Once you're established and running a business in spain, you will need to be a resident, but then the criteria should :fingerscrossed: be covered !!! so that sounds about right, although Spain does seem to have different rules for different days of the week lol

Jo xxx


----------



## xabiaxica (Jun 23, 2009)

jojo said:


> Once you're established and running a business in spain, you will need to be a resident, but then the criteria should :fingerscrossed: be covered !!! so that sounds about right, although Spain does seem to have different rules for different days of the week lol
> 
> Jo xxx


As soon as his autónomo is activated and he's registered for health care he can use that paperwork for registering as resident


----------



## snikpoh (Nov 19, 2007)

jojo said:


> Maybe the confusion lay with the fact that NIE and residencia are different since April 2013 and you can get a temporary NIE for 90 days to enable you to set up and then, if you are going to be living in Spain permanently, you need to apply for NIE/residencia and thats when you require proof of income and healthcare provision
> 
> Jo xxx


... actually, they've always been different - certainly were when I arrived in 2006.


----------



## jojo (Sep 20, 2007)

snikpoh said:


> ... actually, they've always been different - certainly were when I arrived in 2006.


I was going by this. Before the rule was in place you didnt need to prove income and healthcare to obtain residencia

http://www.expatforum.com/expats/sp...-uk-other-eu-citizens-spain-april-2012-a.html

Jo xxx


----------



## xabiaxica (Jun 23, 2009)

jojo said:


> I was going by this. Before the rule was in place you didnt need to prove income and healthcare to obtain residencia
> 
> http://www.expatforum.com/expats/sp...-uk-other-eu-citizens-spain-april-2012-a.html
> 
> Jo xxx


yes - but having a NIE & registering as resident were still two different things

non-residents have always been able to get a NIE - but didn't have to register as resident

the only difference was that you didn't have to prove income etc to register as resident - it was still two different forms & different certs were issued - white for NIE & green for resident cert


----------



## cookiemonstress (Mar 13, 2018)

Sorry for hijacking this thread but this is exactly the situation that I'm struggling with at the moment...

1) I aplied for my NIE and got two papers, the modelo 790. It has my NIE on it, but I was told I would be notified when it is "ready" to come and pick it up. Would modelo 790 be sufficient to set up social security and register with the tax officials already?

2) In which exact order should I be doing things? Like - social security or tax first, or does it matter at all? I only know that for going autonomo I will have to have those two in order before I can get my residencia, right?

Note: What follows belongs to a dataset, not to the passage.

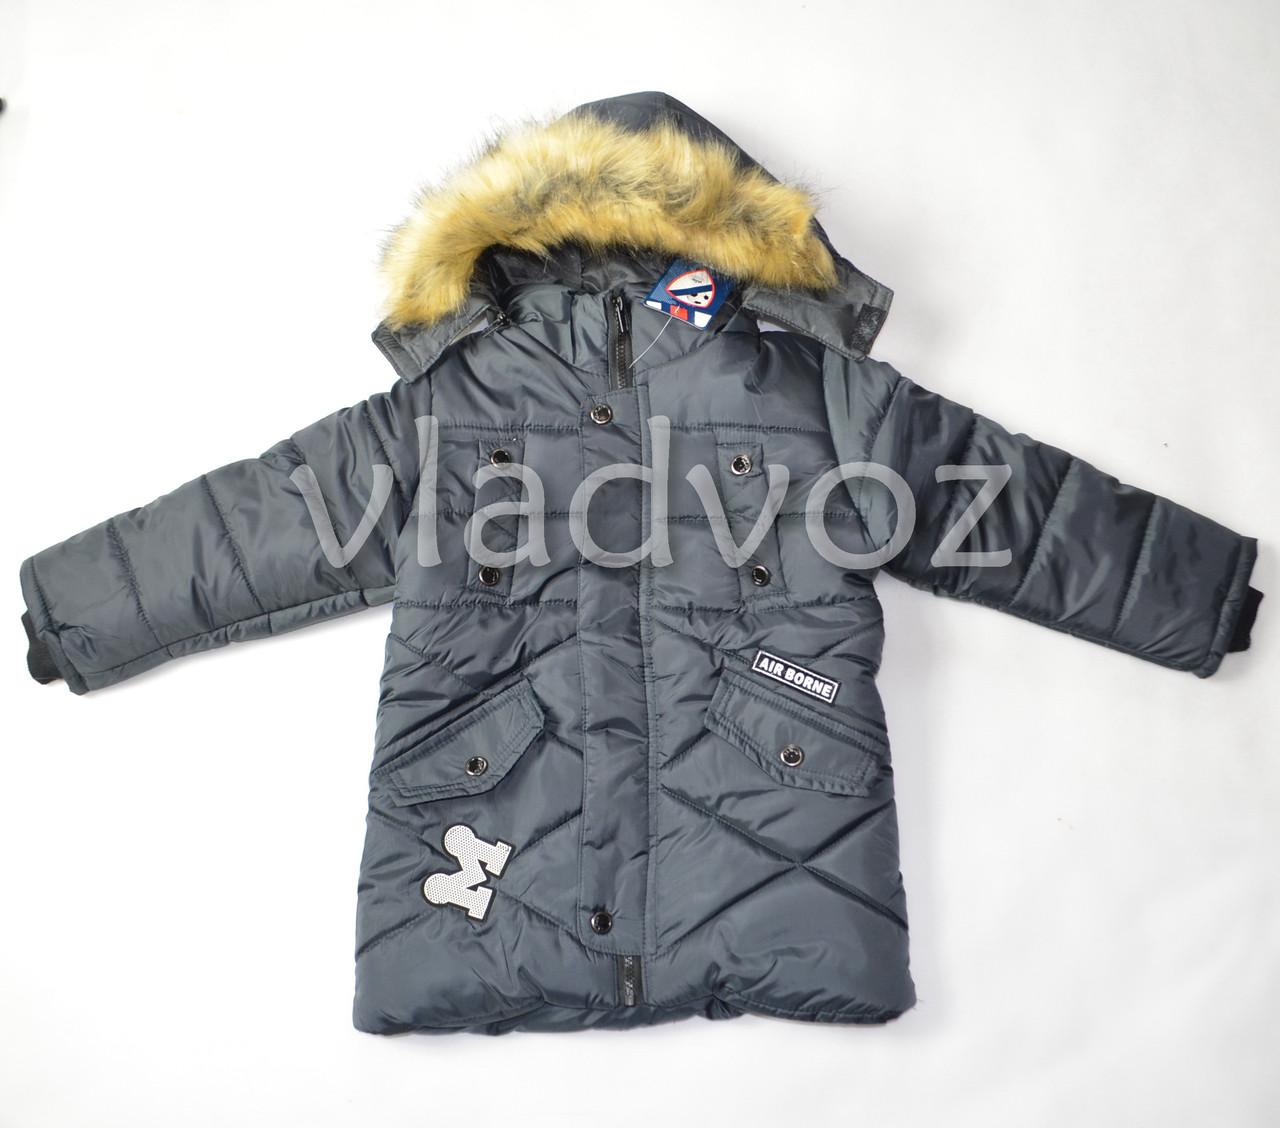 Теплая евро зима куртка для мальчика 6-7 лет серая

3) Do I need to have a permanent address to go through with all this? Thing is that we are currently still in Andalucia where we spent the winter, but will be moving to Galicia after Easter. As I am in a bit of a hurry, I would like to get as much as possible sorted out already before the actual move. What's possible and what isn't without our final address (we don't have a rental contract for our place here in Andalucia, just an oral agreement)? And if we do need the final address, would it be possible to have our future rental contract sent here and run things through Andalucian offices or can it only be done up in Galicia? I know many things are done regionally, but for example social security should be a national thing?


----------